Loan Origination

  • March 12, 2013
  • This post is part of an occasional series on the AppExchange as Salesforce.com celebrates the seventh anniversary of its launch.  The series will focus on some of the most interesting AppExchange applications of the last year.

    The arc of nCino’s brief existence provides a good description of the power of application development on the Force.com platform.  nCino (“Encino” roughly translates from Spanish as “live oak”),  supports commercial loan origination, including CRM functionality to manage the sales process and document management to handle all of the details.  The product was originally developed within a conventional bank, Live Oak Bank in Wilmington, NC.

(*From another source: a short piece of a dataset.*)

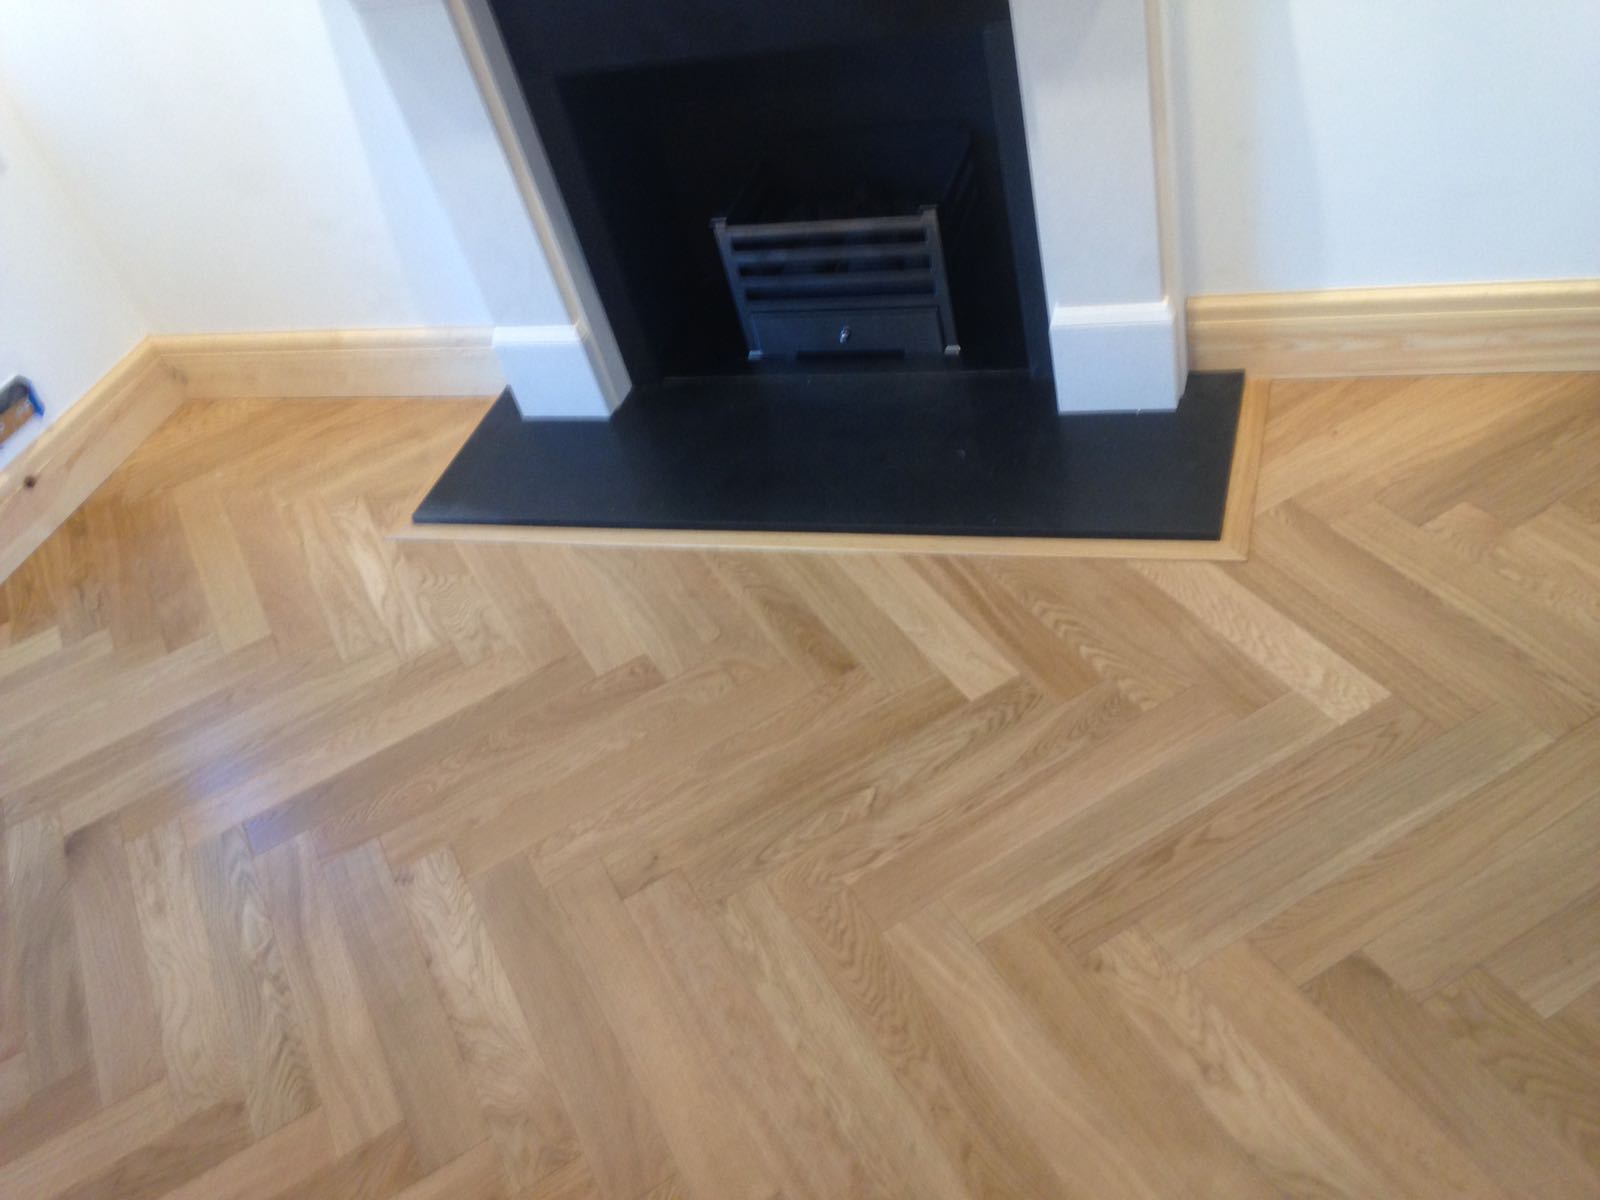 Is Parquet Flooring The Number One, Is Parquet Flooring Out Of Style

    To say that Live Oak Bank is conventional is not to imply that it is ordinary.  It is the third largest originator of business loans in the U.S. despite being significantly smaller than its competitors.  With the banking industry in a slump Live Oak could not compete as a low cost provider because borrowing activity was slack and interest rates were at low points.  So the bank decided to innovate and  to compete on business execution.

    Anyone who has paid attention to banking issues during the recession has probably realized that banks had not been keeping up with managing documentation for example, in home mortgages.  But the same has been true of documentation management in commercial loans and it was the content management part of the process that the bank decided to attend to first.

    Live Oak used Force.com to build a commercial loan origination system that could take better care of loan documentation and better attend to the customer relationship issues that attend any loan sale.  But the story doesn’t stop there.

    When Live Oak showed off its new system at Dreamforce 2011 the bank discovered significant demand from other banks at the show.  But not wanting to go into the software business, Live Oak spun off its software to a new company —nCino that is the subject of this piece.

    By taking care of all loan origination documents within its Salesforce CRM instance, nCino has developed an origination process that is streamlined and effective.  The company’s initial data shows that it can cut twenty five percent of the loan origination cycle time and put money into the hands of the business borrower faster than its competition thus providing a unique form of competitive differentiation.

    But operational efficiencies are not the only thing that many bankers are seeking out these days.  The financial crisis exposed the document handling capabilities of many banks as unreliable costing many of them lost time, revenues and legal fees.  Industry data shows that as much as thirty percent of loan documents are inaccurate.  These deficiencies have consequently driven many banks into the market for better document handling software and loan origination systems.

    According to Pierre Naudé CEO of the company, Force.com has enabled his team of 27 people to innovate much faster than other technologies.  After about a year, the company has nine installed customers with five more in process and several more in the pipeline.  The AppExchange continues to be a good source of leads, which might surprise some people because nCino is an enterprise solution.  But Beagle research shows that enterprises shop on the AppExchange just as smaller companies do.

    Perhaps another surprise for some people familiar with banking is the nature of the solution.  nCino is a cloud offering like all Salesforce solutions and the banking industry, according to Naudé has accepted it without fanfare.  Naudé says it is because “many banks and credit unions have been using hosted solutions for some time, and there’s no difference between running a hosted solution in some remote data center and running a SaaS solution.”  It helps that Salesforce already has all of the certifications that bankers look for including SOC Types 1, 2, and 3 and that it is PCI (private card issuer) compliant.  nCino relies on these certifications as cornerstones of its business and they simply come along with the Salesforce service.

    nCino was started with a loan from Live Oak Bank and it has since raised an A round of funding worth $7.5 million, which Naudé says was oversubscribed.  The company’s roadmap includes delivering a mortgage origination system and retail loan facility later this year but the company does not release information about its roadmap beyond that.

    nCino is a great story about what’s possible given the power of the Force.com platform and the AppExchange.  More than this it provides a useful model for the future of enterprise software.